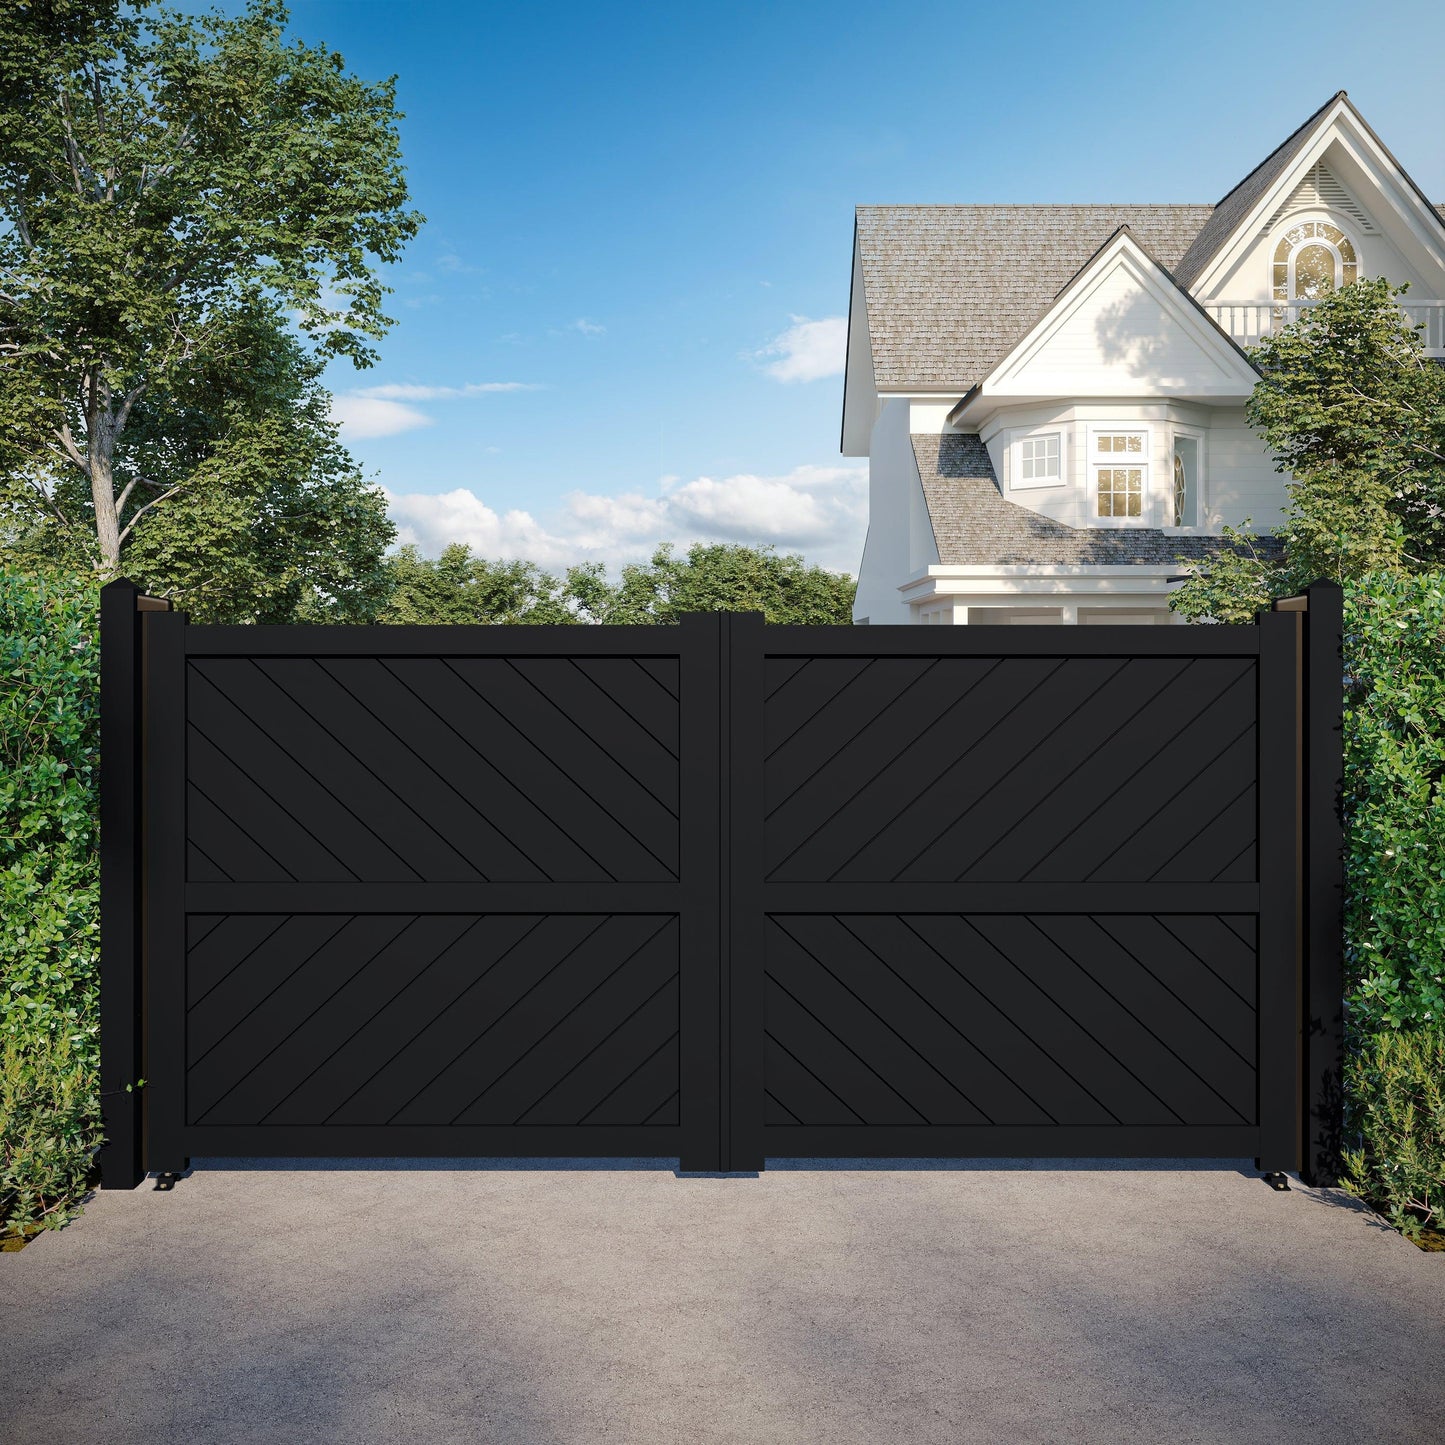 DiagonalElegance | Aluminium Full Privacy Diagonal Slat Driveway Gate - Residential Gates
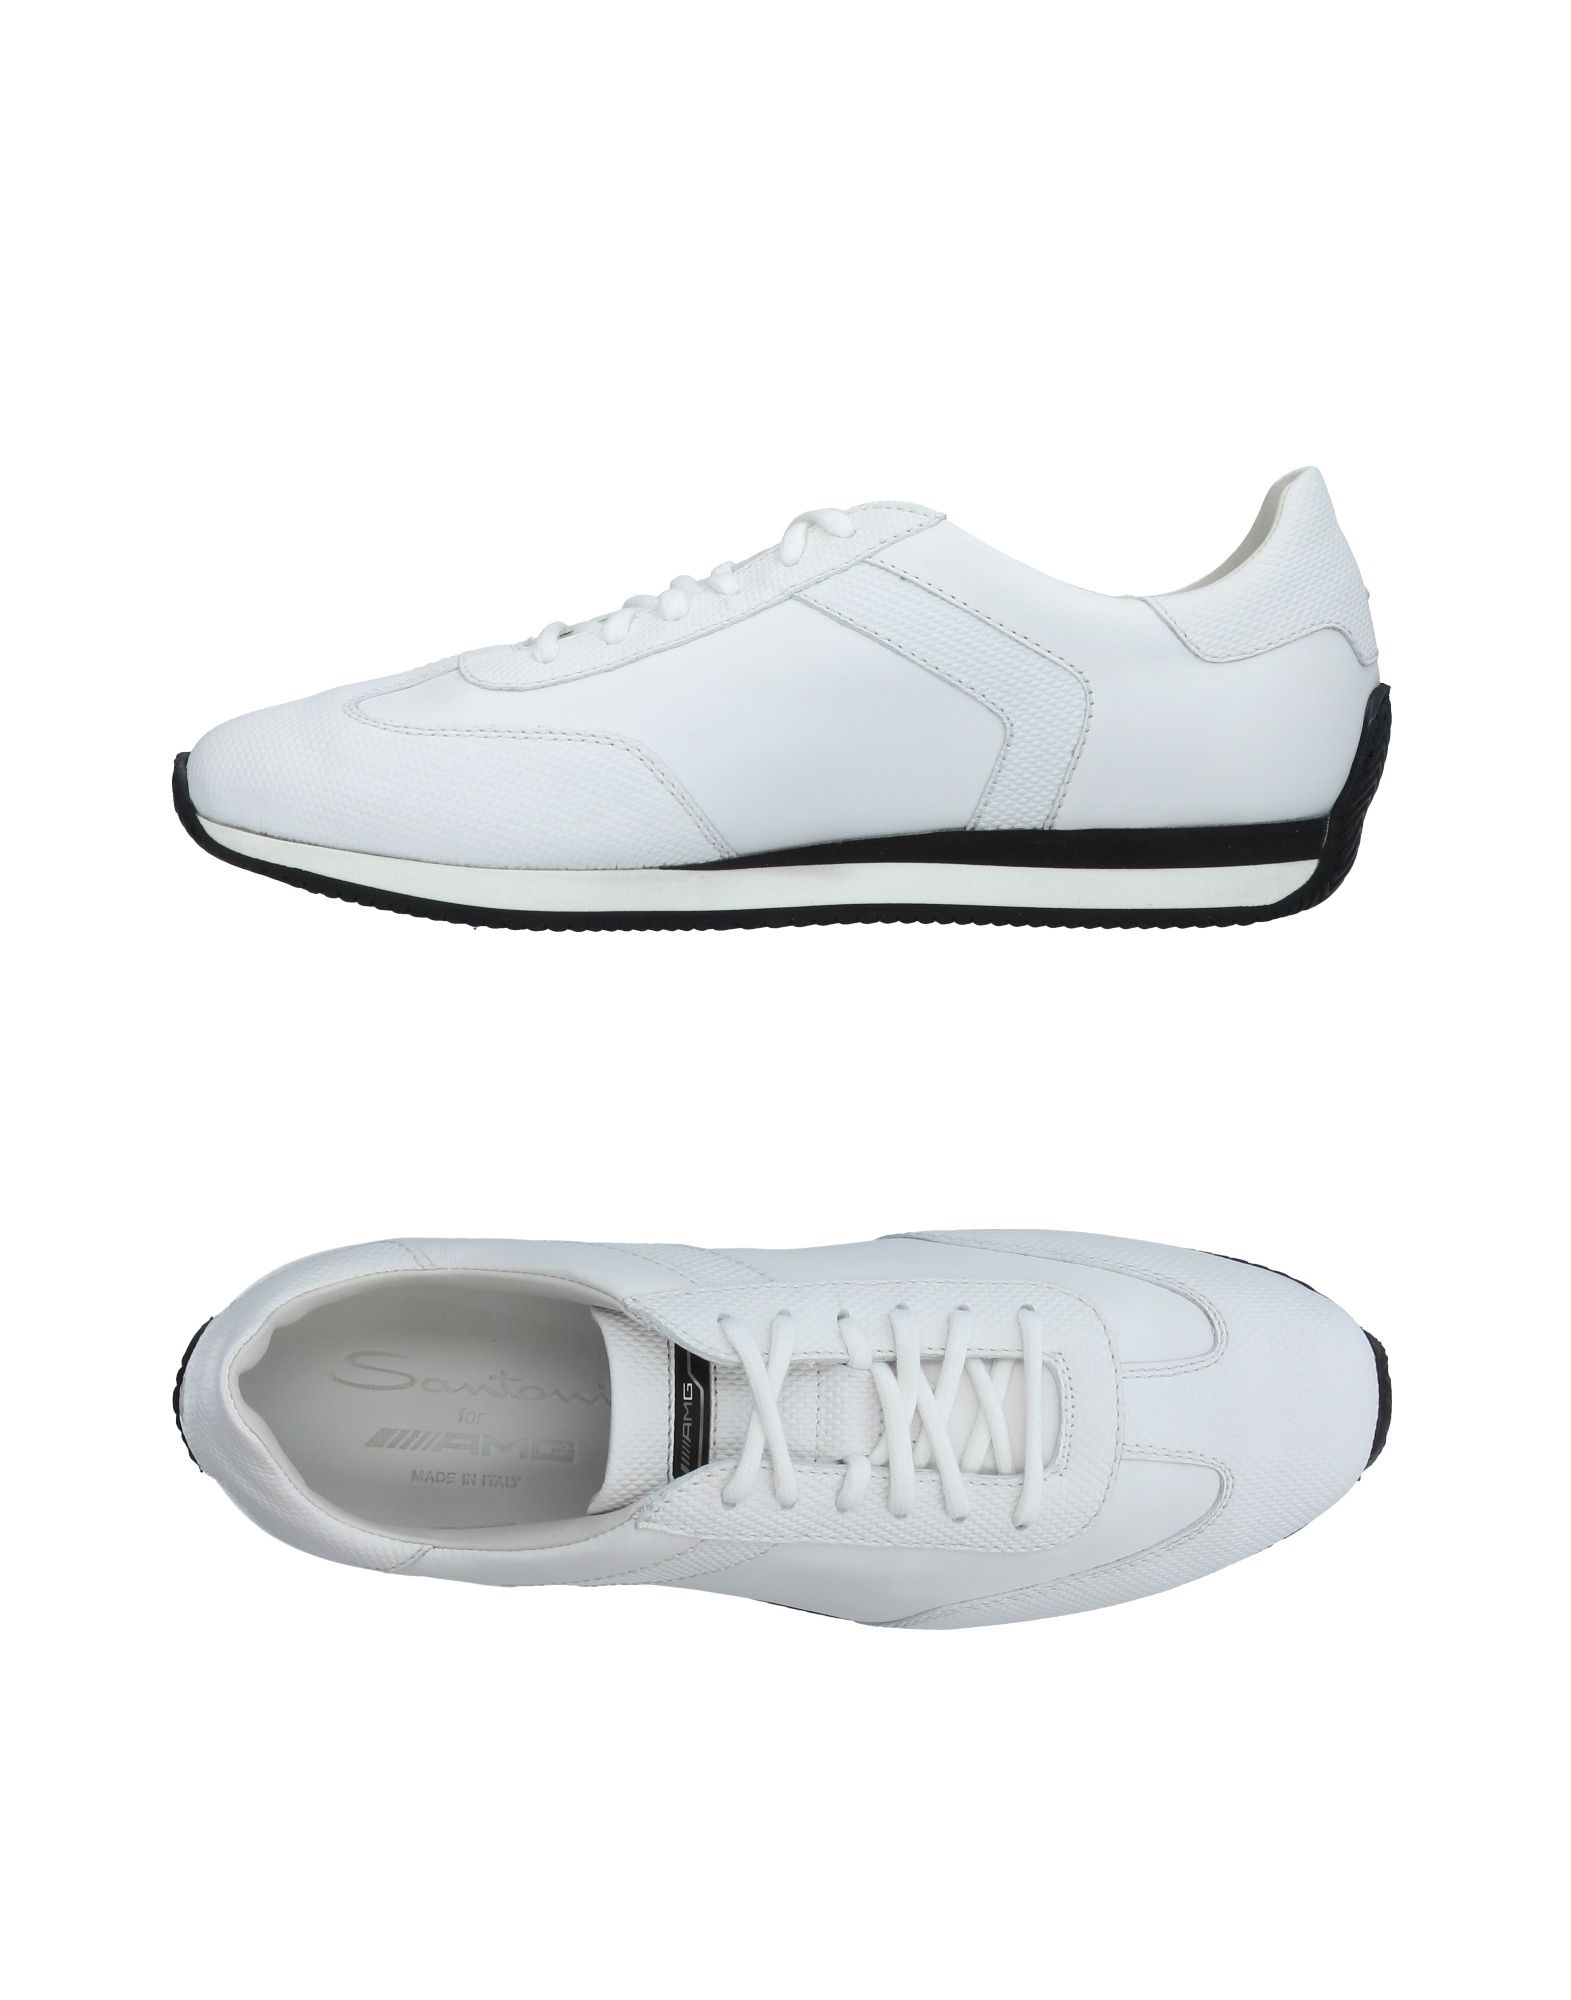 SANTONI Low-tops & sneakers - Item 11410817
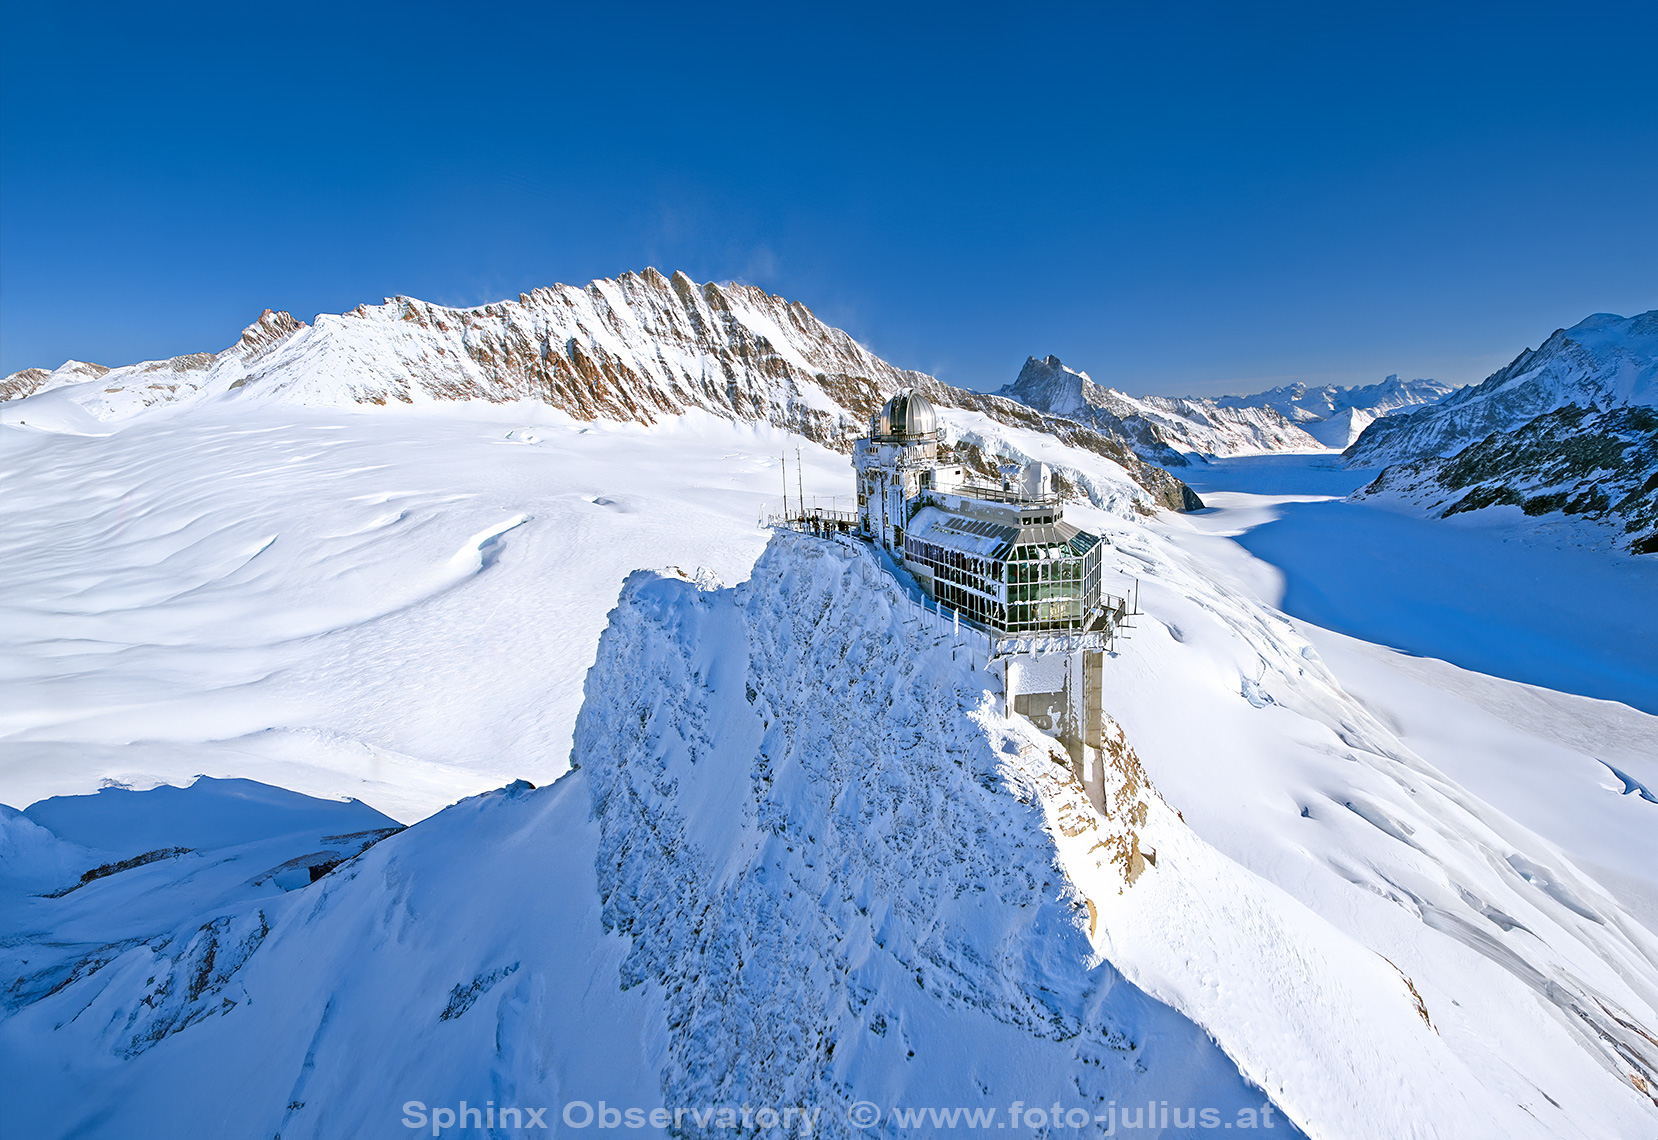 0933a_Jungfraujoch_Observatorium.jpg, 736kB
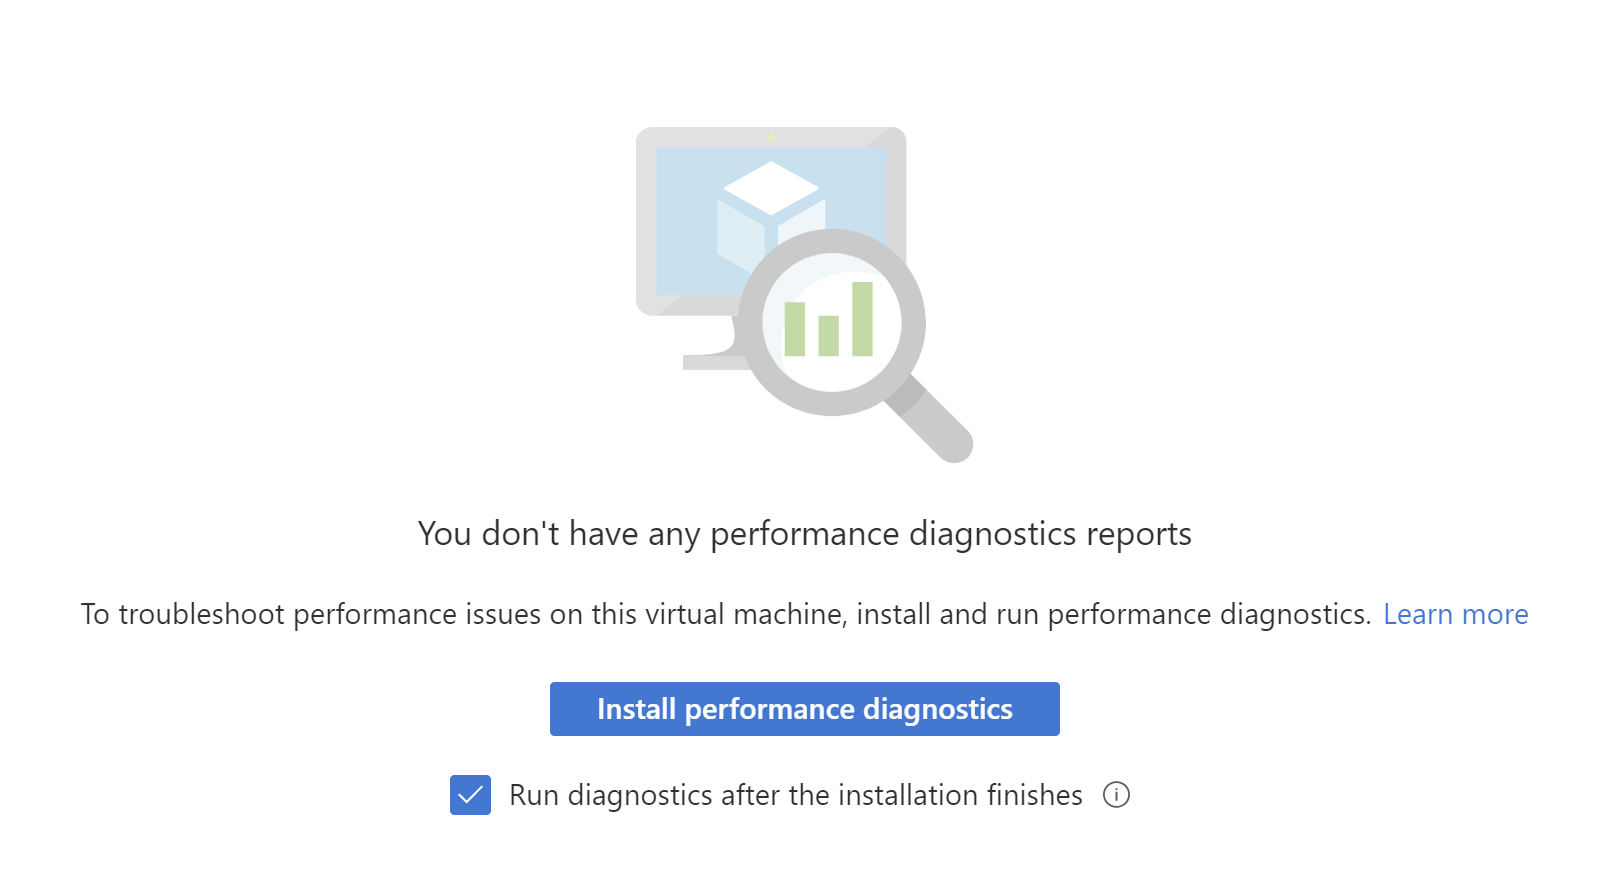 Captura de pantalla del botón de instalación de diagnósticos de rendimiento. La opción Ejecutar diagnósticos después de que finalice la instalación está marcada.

> EXERCISE PROMPT
Retype the data shown above exactly, excluding any picture it contains.

> FINAL ANSWER
 DiagonalElegance | Aluminium Full Privacy Diagonal Slat Driveway Gate - Residential Gates
 SANTONI Low-tops & sneakers - Item 11410817
 0933a_Jungfraujoch_Observatorium.jpg, 736kB
 Captura de pantalla del botón de instalación de diagnósticos de rendimiento. La opción Ejecutar diagnósticos después de que finalice la instalación está marcada.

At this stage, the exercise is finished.